Day 43 - Scaled Dot-Product Attention Deep Dive

Date: 2025-11-05 (Wednesday)
Status: “Done”


Scaled Dot-Product Attention: The Core Mechanism

This is the heart and soul of transformers. Understanding this deeply is critical.


The Attention Formula

           (Q × K^T)
Attention(Q, K, V) = softmax(─────────) × V
                      √(d_k)

Where:

  • Q = Query matrix (what are we looking for?)
  • K = Key matrix (what can we attend to?)
  • V = Value matrix (what information do we get?)
  • d_k = dimension of keys (usually 64)

Step-by-Step Computation

Let’s compute attention for a simple example:

Input Sentence: “I am happy”

Setup Phase

Step 1: Create Word Embeddings

I:      [0.1, 0.2, 0.3]
am:     [0.4, 0.5, 0.6]
happy:  [0.7, 0.8, 0.9]

Step 2: Convert to Q, K, V In practice, we learn linear projections:

Q = Embedding × W_q
K = Embedding × W_k
V = Embedding × W_v

For simplicity, let’s say:

Q = [0.1, 0.2, 0.3]    K = [0.1, 0.2, 0.3]    V = [0.1, 0.2, 0.3]
    [0.4, 0.5, 0.6]        [0.4, 0.5, 0.6]        [0.4, 0.5, 0.6]
    [0.7, 0.8, 0.9]        [0.7, 0.8, 0.9]        [0.7, 0.8, 0.9]

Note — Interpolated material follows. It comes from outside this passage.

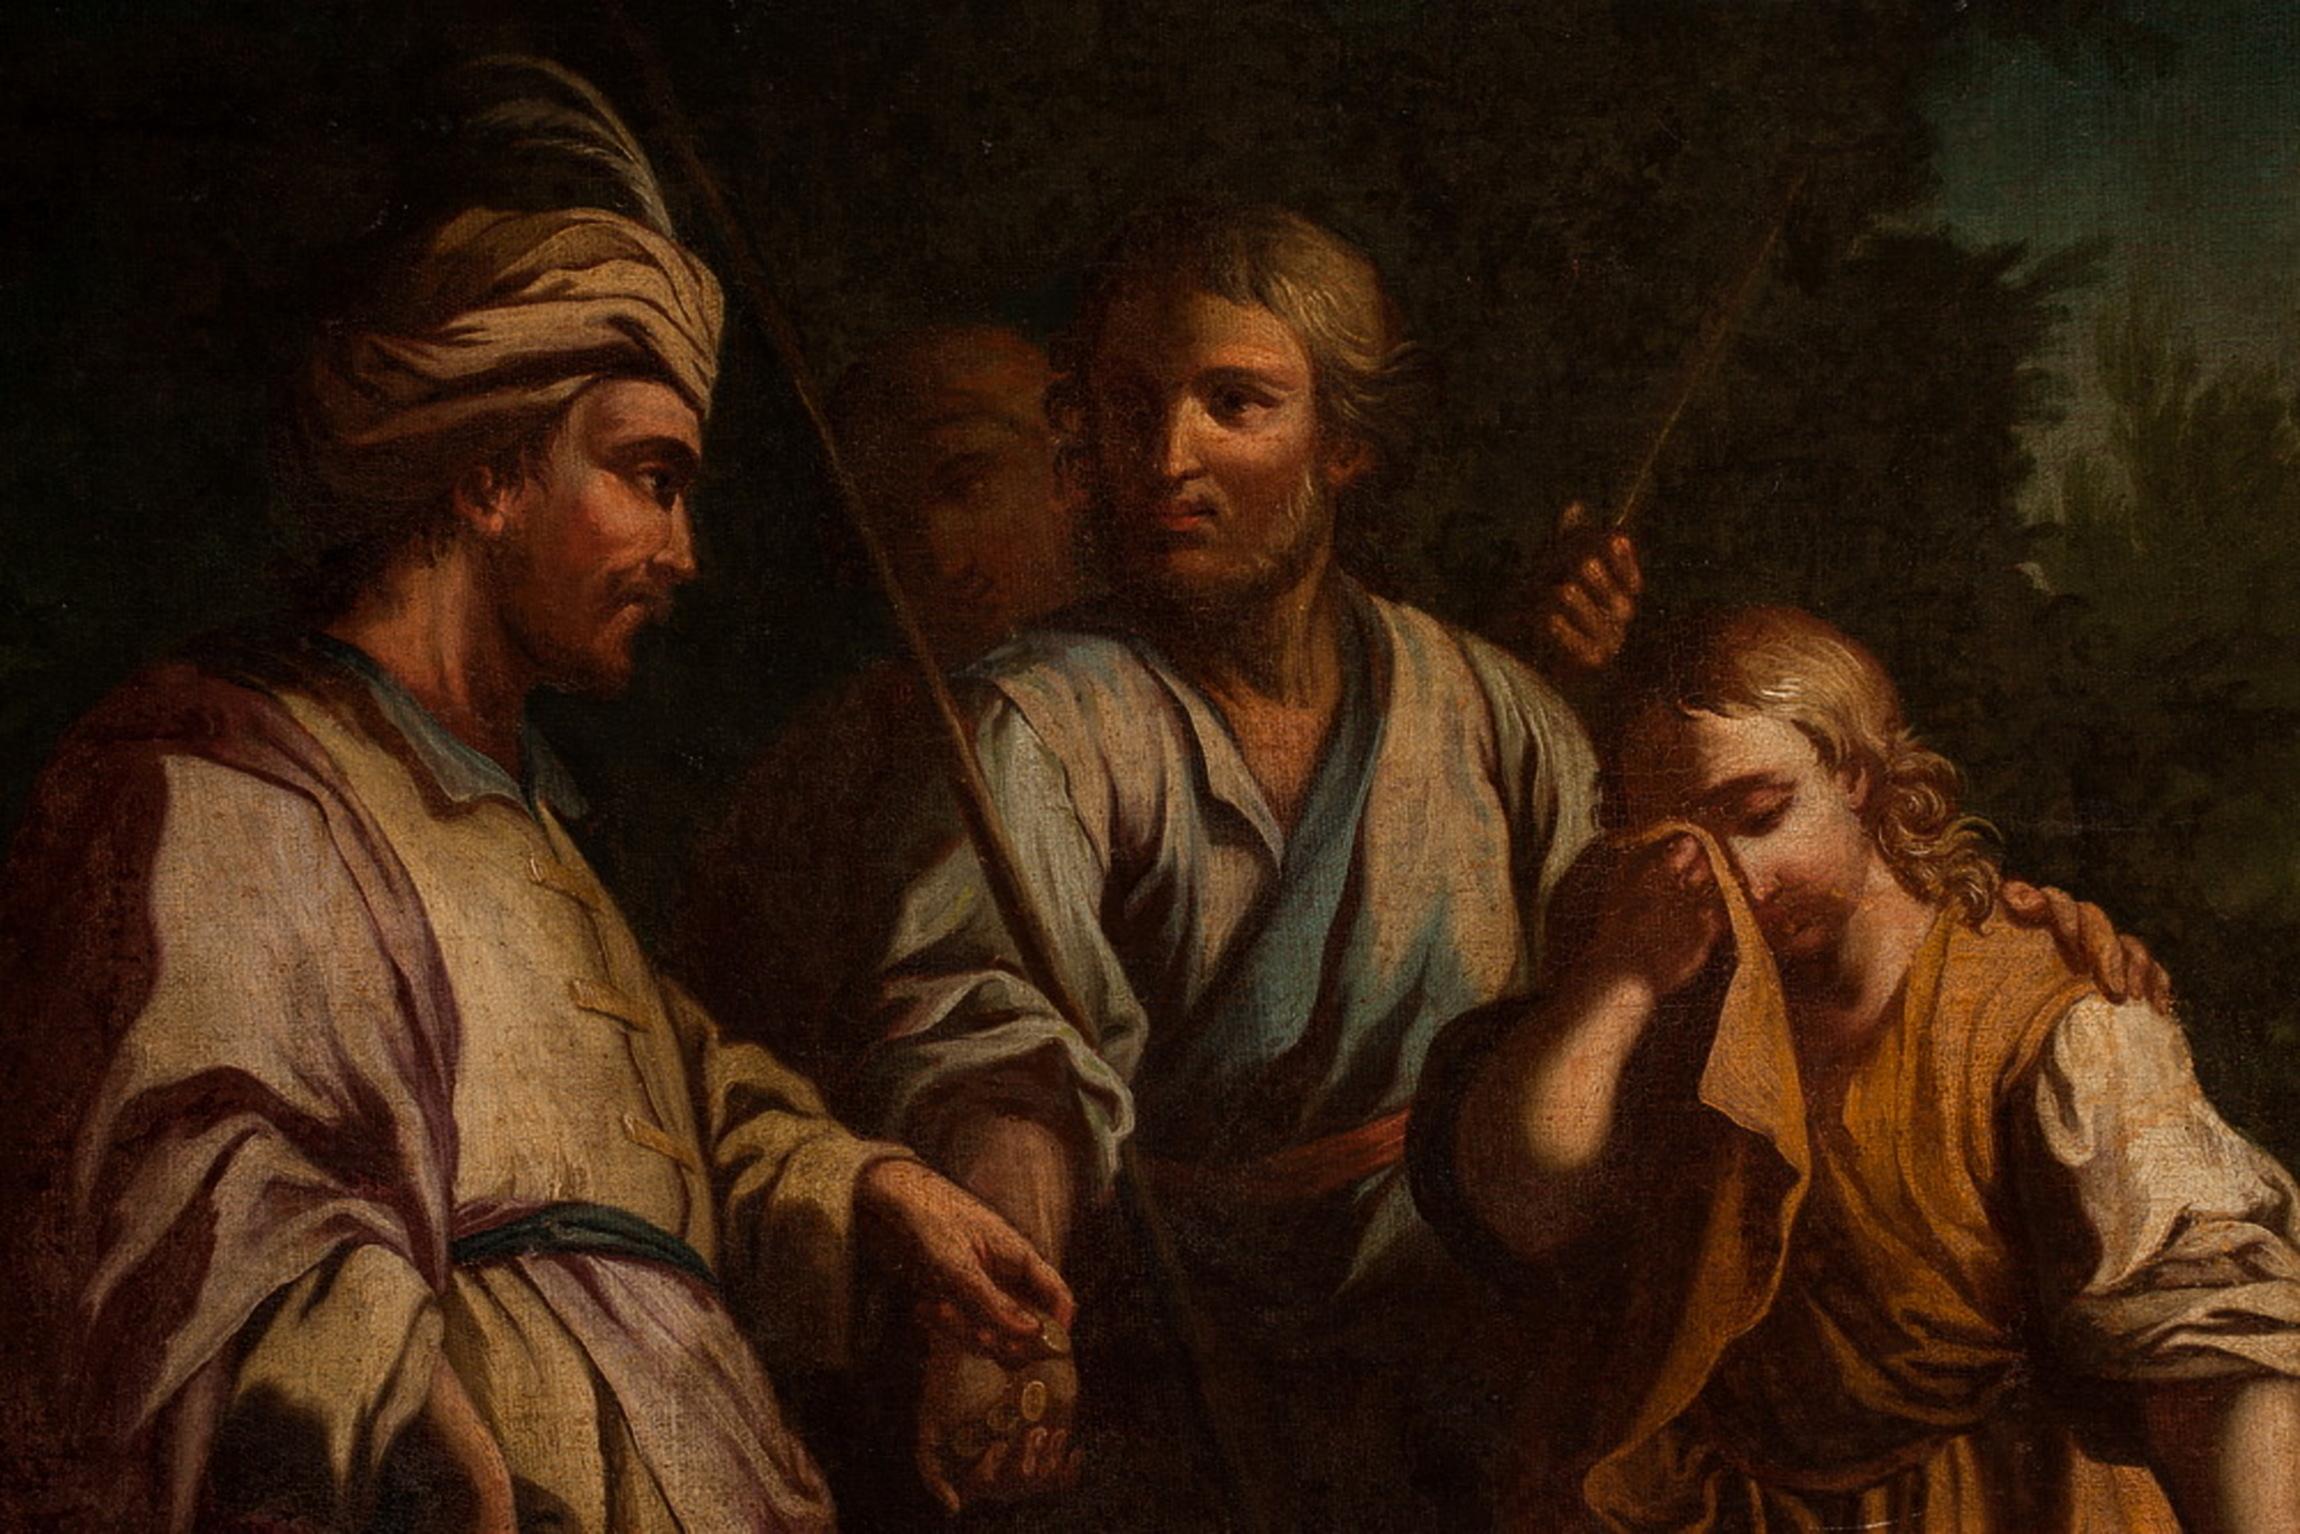 Painting representing scene of Joseph sold as a slave by his brothers. Oil on canvas.
Joseph meaning is an important figure in the Bible's Book of Genesis. Sold into slavery by his jealous brothers, he rose to become vizier, the second most

(In reality, Q, K, V would be different projections, but this shows the concept)

Computation Phase

Step 3: Compute Q × K^T (dot products)

Q × K^T = [0.1, 0.2, 0.3]   [0.1, 0.4, 0.7]
          [0.4, 0.5, 0.6] × [0.2, 0.5, 0.8]
          [0.7, 0.8, 0.9]   [0.3, 0.6, 0.9]

Q₁·K₁ = 0.1×0.1 + 0.2×0.2 + 0.3×0.3 = 0.01 + 0.04 + 0.09 = 0.14
Q₁·K₂ = 0.1×0.4 + 0.2×0.5 + 0.3×0.6 = 0.04 + 0.10 + 0.18 = 0.32
Q₁·K₃ = 0.1×0.7 + 0.2×0.8 + 0.3×0.9 = 0.07 + 0.16 + 0.27 = 0.50

Result matrix:
[0.14, 0.32, 0.50]
[0.32, 0.77, 1.22]
[0.50, 1.22, 1.94]

Interpretation:

  • Q₁ (query for “I”) has similarity scores: [0.14, 0.32, 0.50]
    • 0.14 with “I” itself
    • 0.32 with “am”
    • 0.50 with “happy”

Step 4: Scale by √d_k

d_k = 3 (embedding dimension), so √d_k = √3 ≈ 1.73

Scaled matrix = Q×K^T / √3:
[0.14/1.73, 0.32/1.73, 0.50/1.73]     [0.08, 0.18, 0.29]
[0.32/1.73, 0.77/1.73, 1.22/1.73]  =  [0.18, 0.44, 0.70]
[0.50/1.73, 1.22/1.73, 1.94/1.73]     [0.29, 0.70, 1.12]

Why scale?

  • When d_k is large (e.g., 64), dot products get very large
  • Large numbers cause softmax to have very small gradients (saturation)
  • Scaling by √d_k keeps numbers in reasonable range for training

Step 5: Apply Softmax

Softmax converts scores to probabilities (sum to 1):

softmax(x) = exp(x) / sum(exp(x))

For first row [0.08, 0.18, 0.29]:
exp(0.08) ≈ 1.083
exp(0.18) ≈ 1.197
exp(0.29) ≈ 1.336
Sum ≈ 3.616

Probabilities:
[1.083/3.616, 1.197/3.616, 1.336/3.616] ≈ [0.30, 0.33, 0.37]

All three rows:

Softmax weights (attention matrix):
[0.30, 0.33, 0.37]
[0.26, 0.37, 0.37]
[0.25, 0.36, 0.39]

Interpretation:

  • Word “I” pays 30% attention to itself, 33% to “am”, 37% to “happy”
  • Word “am” pays 26% attention to “I”, 37% to itself, 37% to “happy”
  • Word “happy” pays 25% to “I”, 36% to “am”, 39% to itself

Step 6: Multiply by Value Matrix (V)

Context = Softmax_weights × V

Context(for "I"):     0.30×[0.1,0.2,0.3] + 0.33×[0.4,0.5,0.6] + 0.37×[0.7,0.8,0.9]
                    = [0.03,0.06,0.09] + [0.13,0.17,0.20] + [0.26,0.30,0.33]
                    = [0.42, 0.53, 0.62]

Context(for "am"):    0.26×[0.1,0.2,0.3] + 0.37×[0.4,0.5,0.6] + 0.37×[0.7,0.8,0.9]
                    = [0.026,0.052,0.078] + [0.148,0.185,0.222] + [0.259,0.296,0.333]
                    = [0.433, 0.533, 0.633]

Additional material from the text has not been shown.